Deacon of Hospitality
Who I am:
I married my best friend in college, and every day I learn more about how much God loves me through her. We are in the 'adult kid' stage of life, and while our nest is not totally empty yet, we are rocking our fifties together and enjoying this season of life. We love walking and going to the gym together and we like to support local restaurants and try new places. I've worked for Hobby Lobby for 32 years, where I get to be creative, but also get to explore the spreadsheet side of my brain.
What I do:
I was moved to sign up to be a greeter after Steve Logan and Justin Meyer shared their testimonies about serving one day. I figured, "okay, greeter will be easy", so that is what I picked. I didn't know that God would open my eyes and show me the hurts that so many are carrying. I was even more aware of it because I had been in the same place before I got freedom.
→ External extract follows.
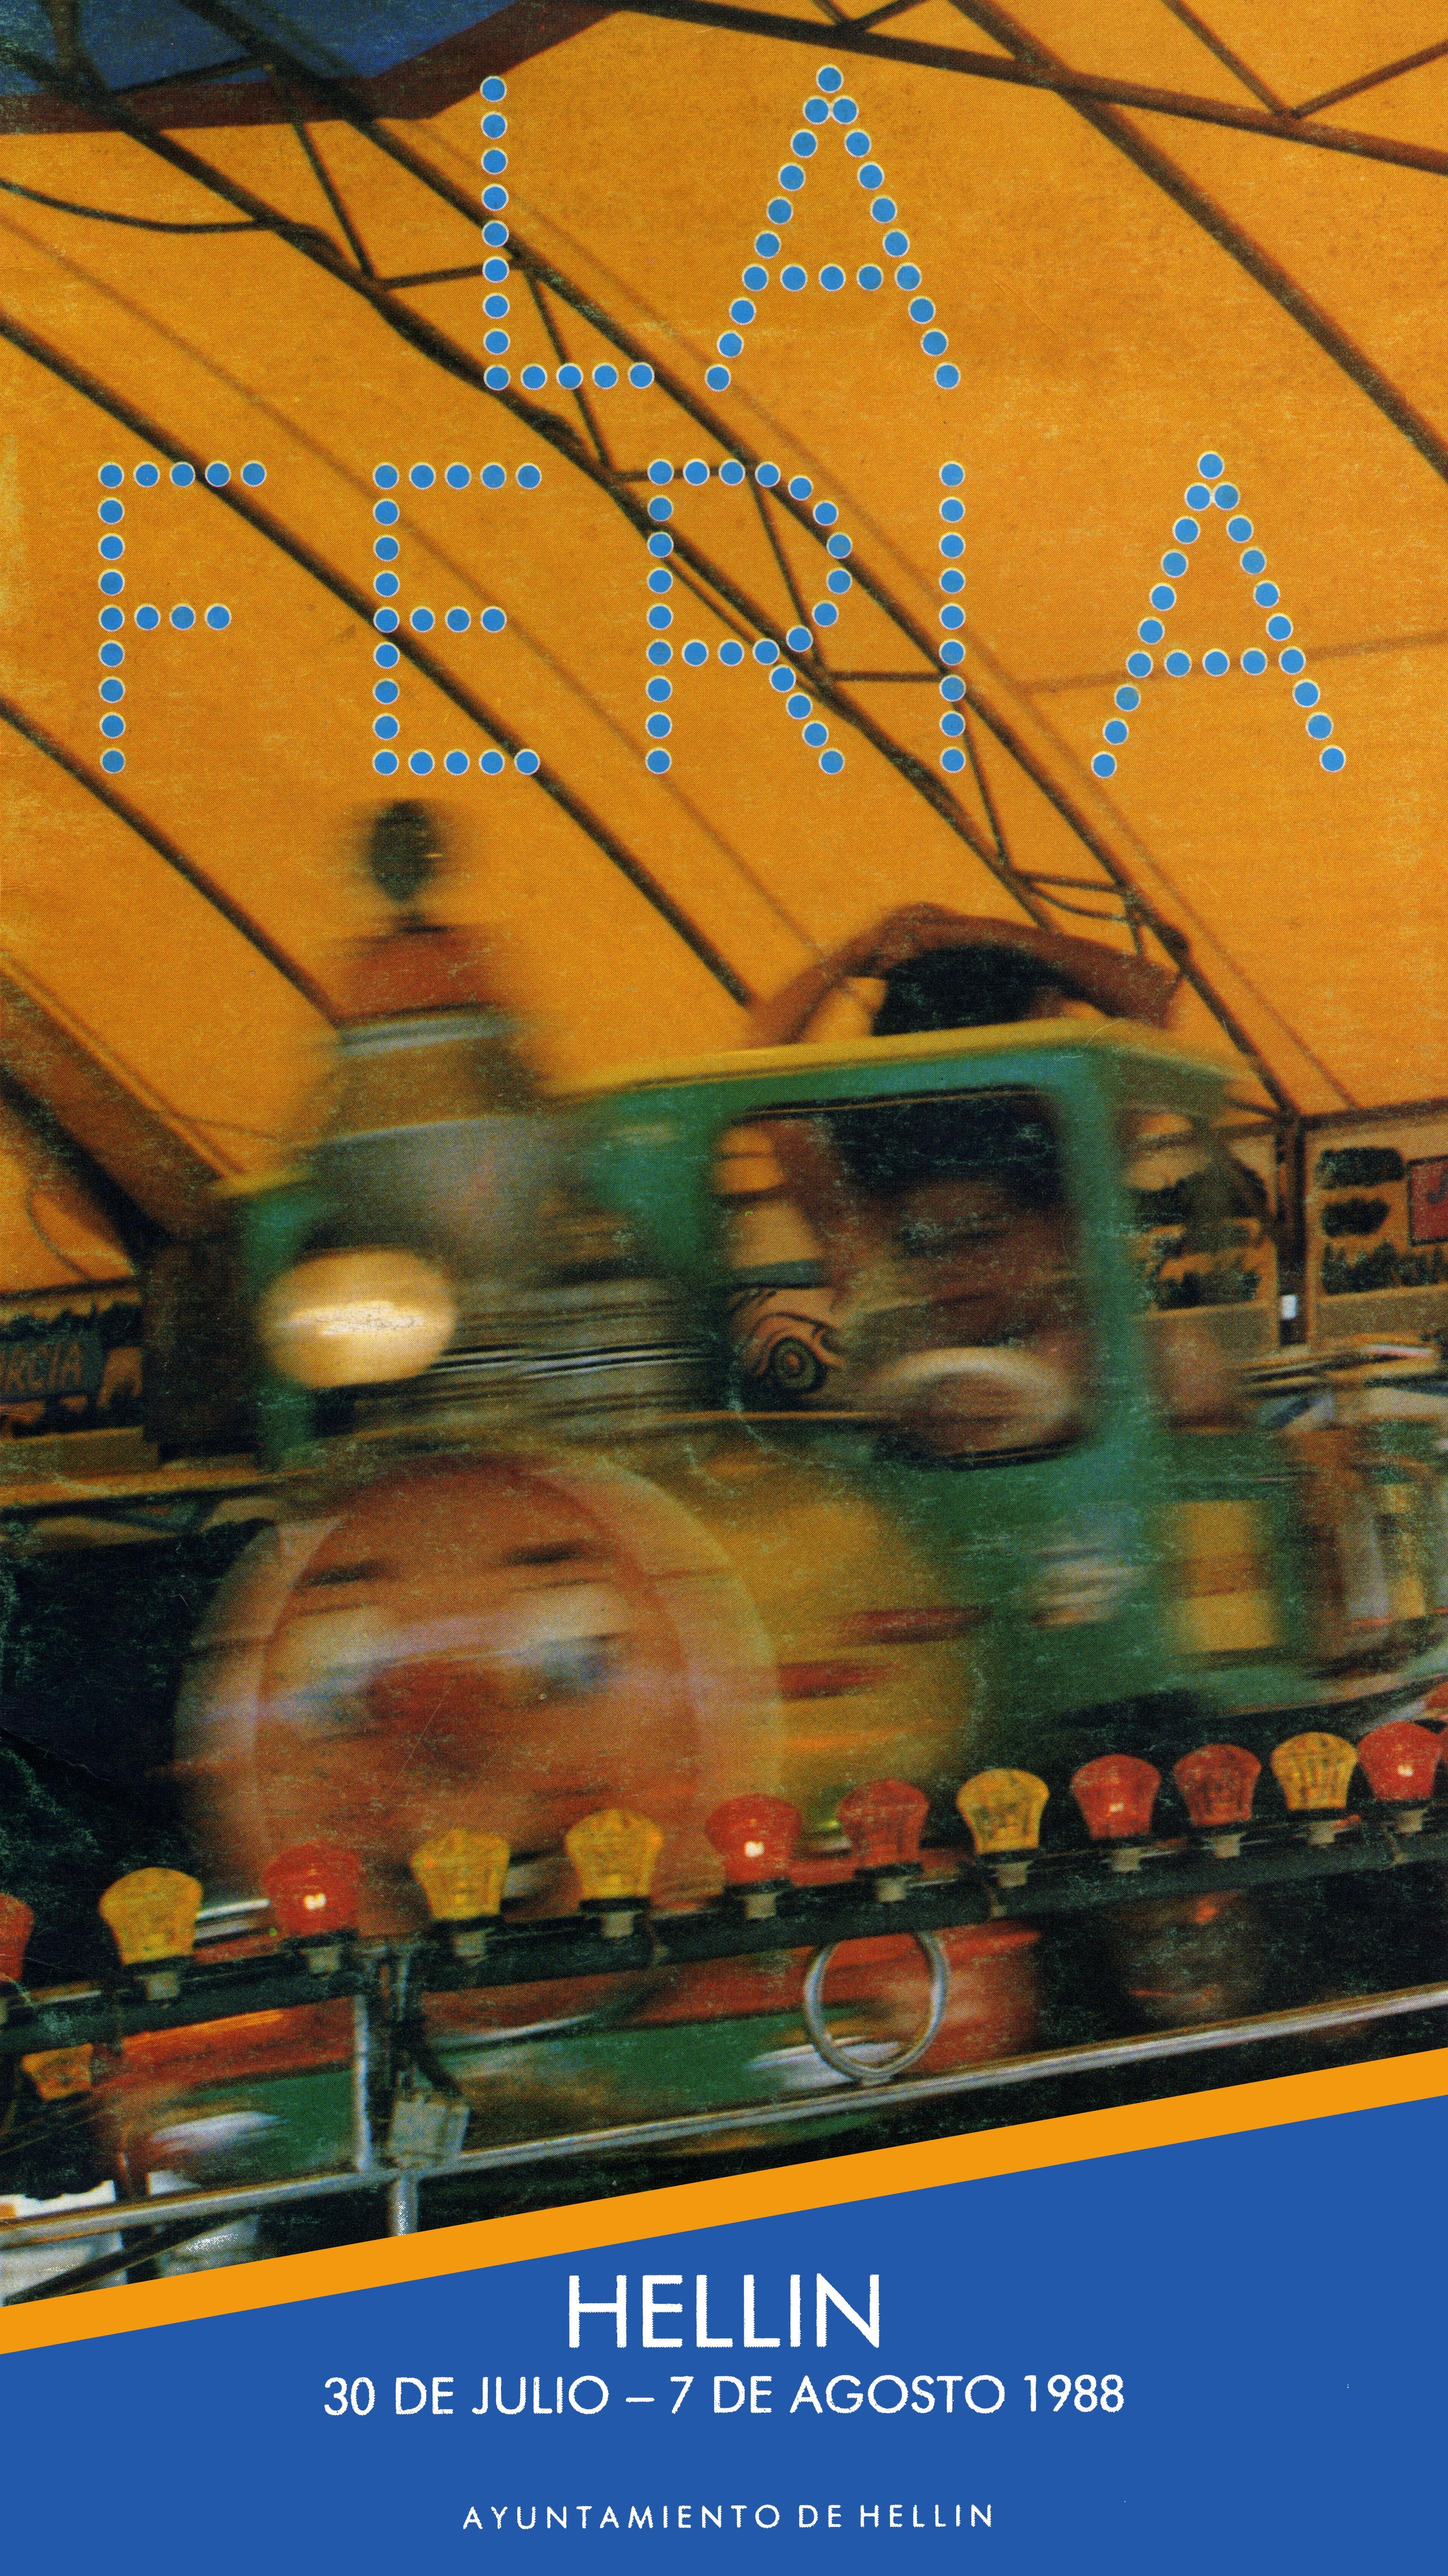 Programa de la Feria de Hellín - 1988

You come to church because you are supposed to. You try to get in and get out as fast as you can. No eye contact. Avoid talking. Steer WAY clear of the pastors, as surely they can see the junk you have weighing you down. Just get to the seat as fast as you can. I know this person because I was this person. The weight you carry only digs the rut deeper, and in quoting a pastor friend, "A rut is nothing but a grave with the ends kicked out." A smile disrupts the enemy's pattern of ruts. Kindness interrupts the cycle of ruts. Infectious Joy stops the enemy in his tracks.
Serving on the hospitality team is not just about saying good morning. It is spiritual warfare with an enemy that wants us to remain unseen and unheard, and feel undeserving. We never know when a kind word or a smile will be just the thing a person needs that day.
What God did:
I used to never lift my hands in worship. I would try, but I would feel so fake and forced, and thought surely people were looking at me and thinking I'm a nut or doing it wrong. Then I took the Thursday night Inner Healing and Freedom classes and saw some of the unforgiveness and ungodly lies that I was carrying. I went further, did the Inner Healing and Deliverance sessions, and was able to shed layers of junk that were weighing me down. I've not fully arrived yet. It is still a process. But the lightness of the Holy Spirit is intoxicating, and now it feels wrong not to lift my hands in praise!